COS 95-4 - Forest stand metric and longleaf pine mapping using LANDSAT imagery and FIA plot data

Thursday, August 15, 2019: 2:30 PM
L005/009, Kentucky International Convention Center
Joseph St. Peter1, John S. Hogland2, Jason B. Drake3 and Paul Medley3, (1)North Fork Analytics, LLC, Missoula, MT, (2)Rocky Mountain Research Station, Forest Service, Missoula, MT, (3)USDA Forest Service, Tallahassee, FL
Background/Question/Methods

This study integrated field-based FIA forest inventory data and Landsat 8 imagery to model and map forest characteristics to inform restoration activities in the critically endangered longleaf pine (Pinus palustris) ecosystems of the southeastern United States. U.S. Forest Service Forest Inventory and Analysis (FIA) field plot data were related to normalized Landsat 8 imagery using general linear regression and machine learning models. Multiple raster surfaces of forest metrics, including basal area (ft2 ac-1), stand density (trees ac-1), forest type and occurrence of longleaf pine, were created for a 28.8 million acre study area in Florida, Georgia and Alabama.
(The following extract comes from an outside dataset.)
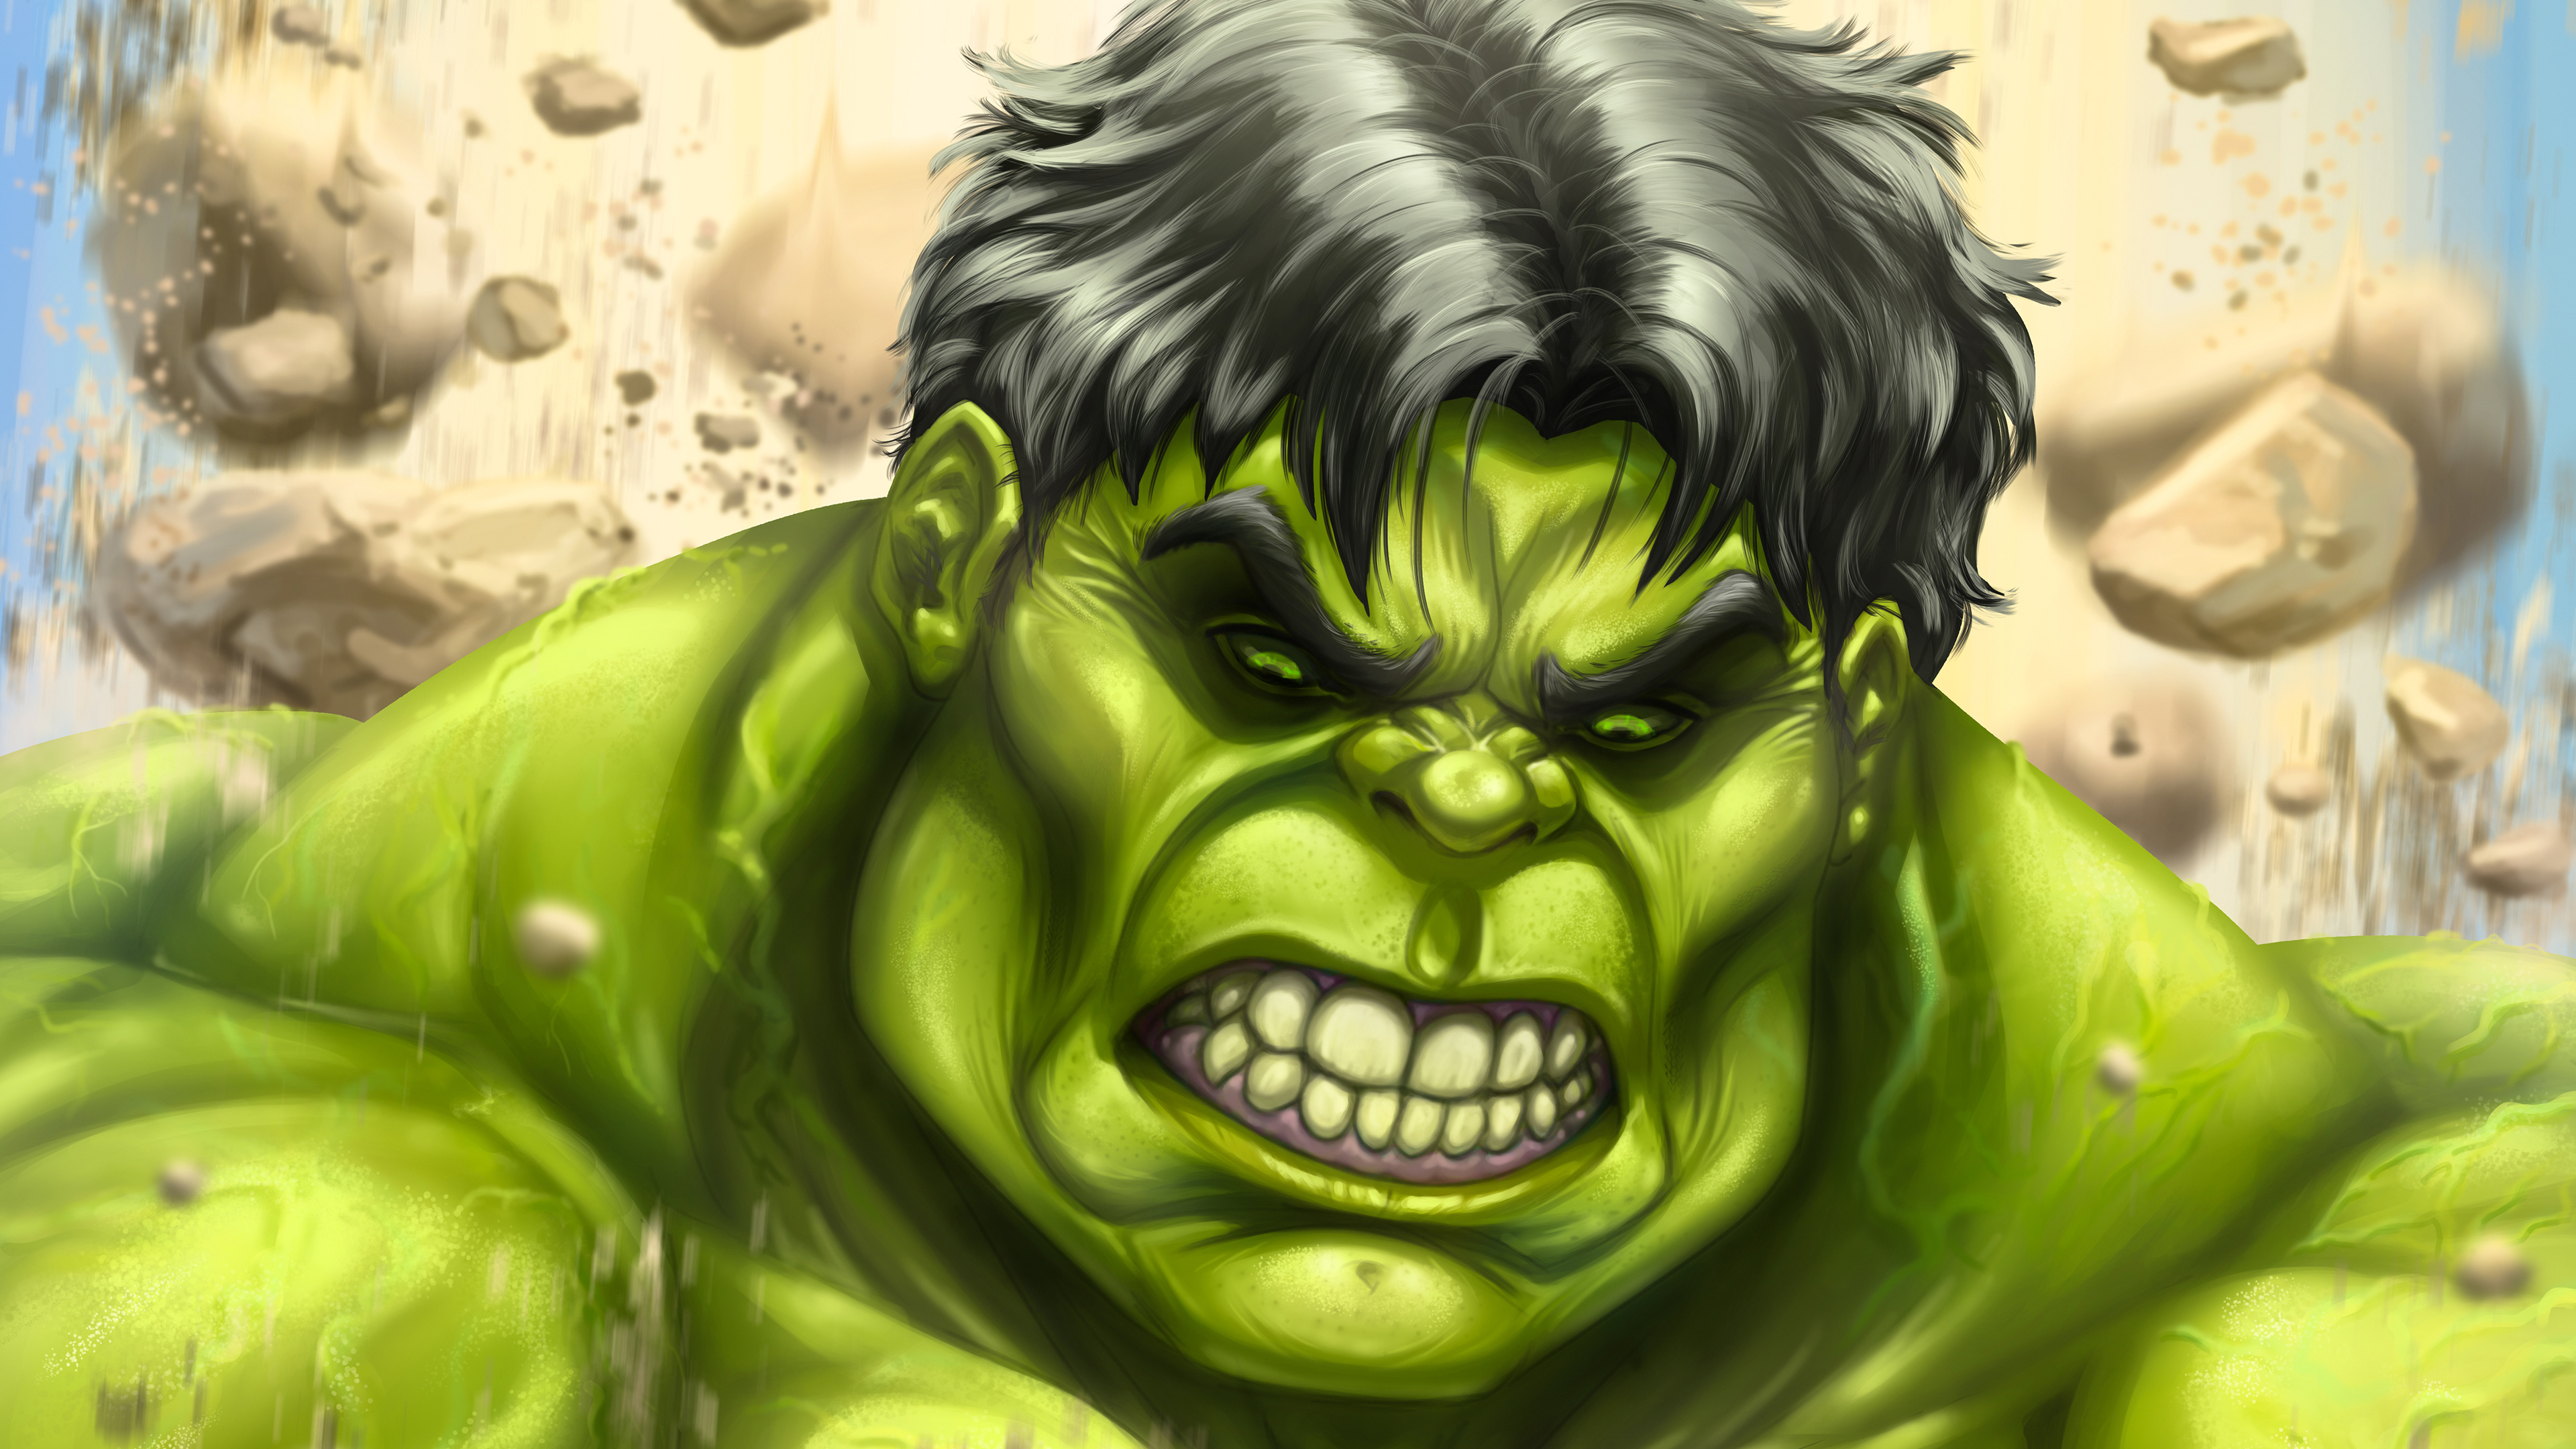 1600x1200 The Incredibles Hulk Art 4k 1600x1200 Resolution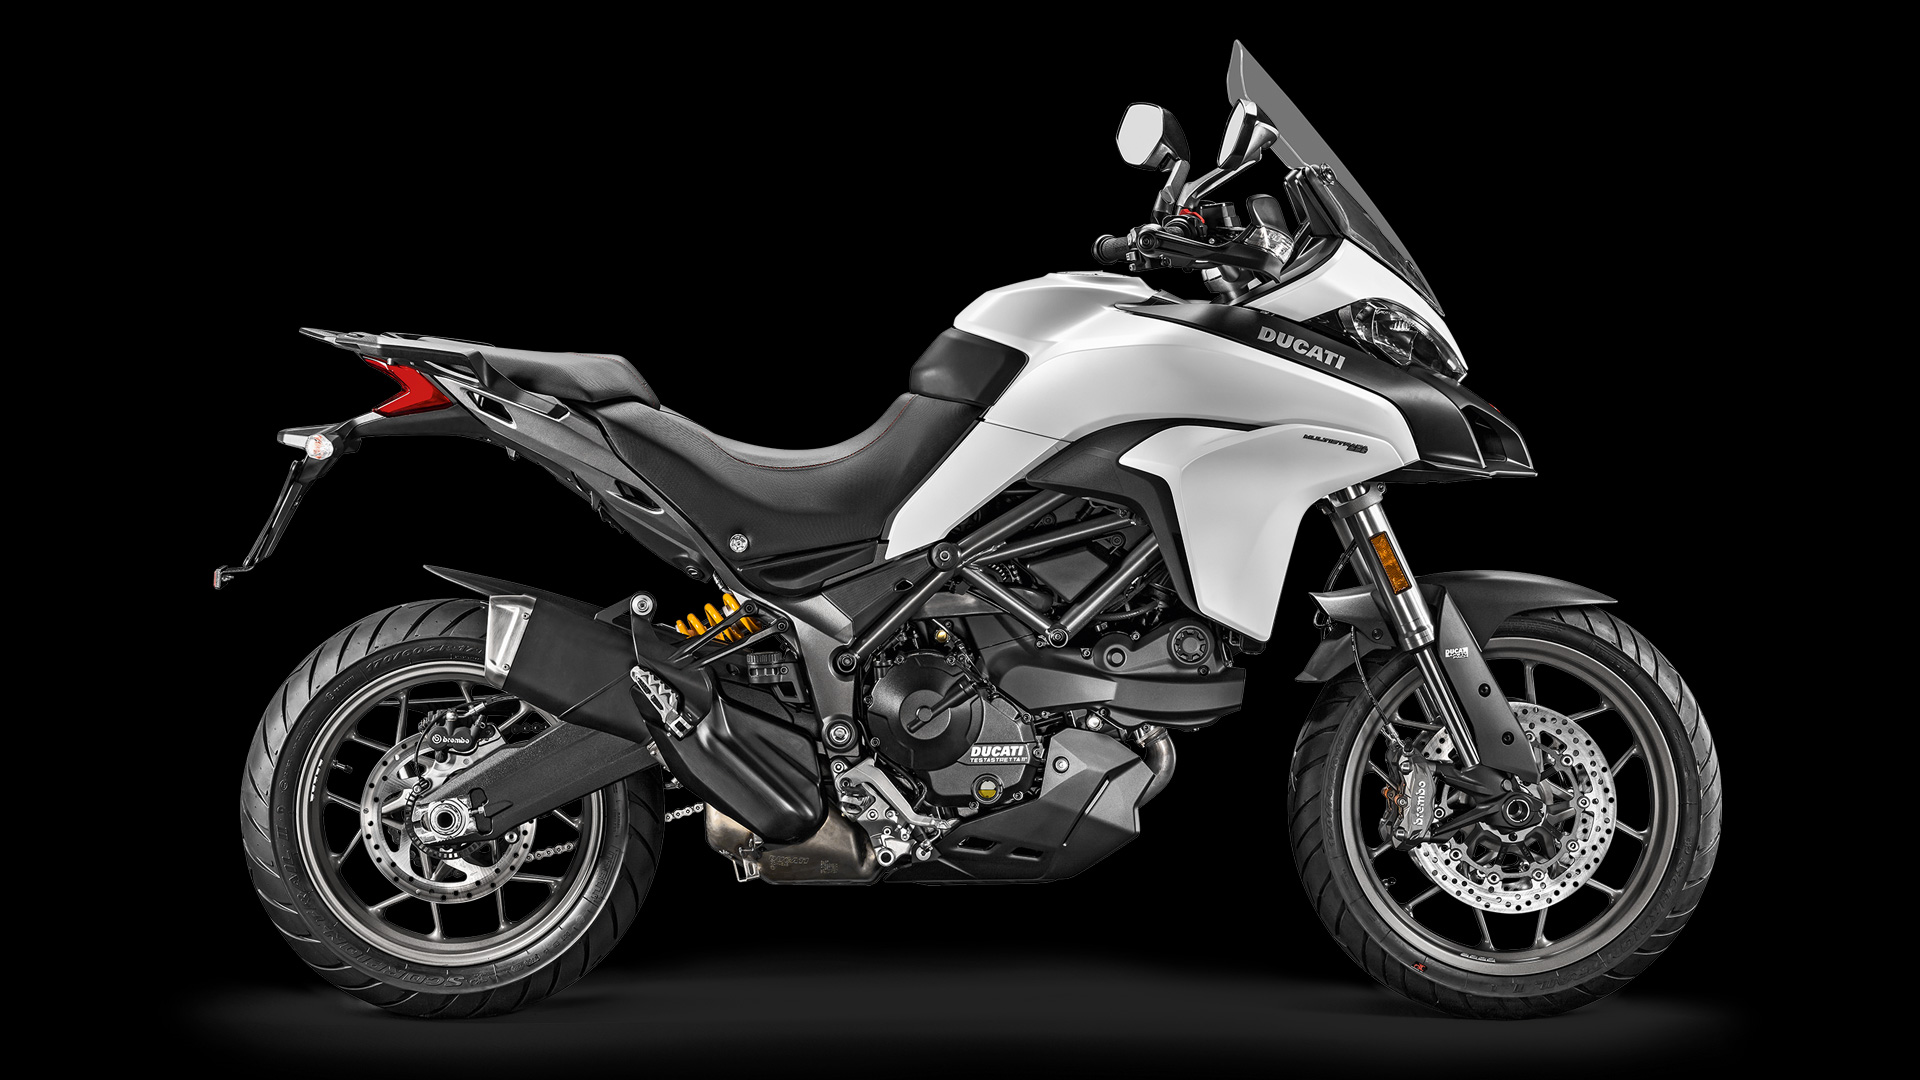 ducati multistrada 950 ultra versatile motorbike. Black Bedroom Furniture Sets. Home Design Ideas

Specific methods to improve modelled relationships over previous studies came from the use of forest type results to focus basal area and stand density estimates on areas where tree species groups of interest were present. In addition, raster surface cells outside the range of predictive LANDSAT variables were not estimated, eliminating model extrapolation and exposing a challenge of using FIA data in this way.

Results/Conclusions

Basal area and stand density linear model results demonstrate a strong relationship between Landsat 8 imagery and FIA field plot data. The sixteen linear models of basal area and stand density covering our study area have R2 values ranging from 0.315 to 0.543, with an average of 0.421. The overall accuracy of the eight softmax neural network forest type models ranged between 0.78 and 0.87, averaging 0.83.

In total this project successfully produced 35 moderate resolution (30m) spatially explicit raster surfaces of estimated forest type, longleaf occurrence, basal area and stand density. These raster surfaces can be integrated with existing vector, tabular and raster datasets to inform and prioritize longleaf pine conservation and restoration efforts in the study area.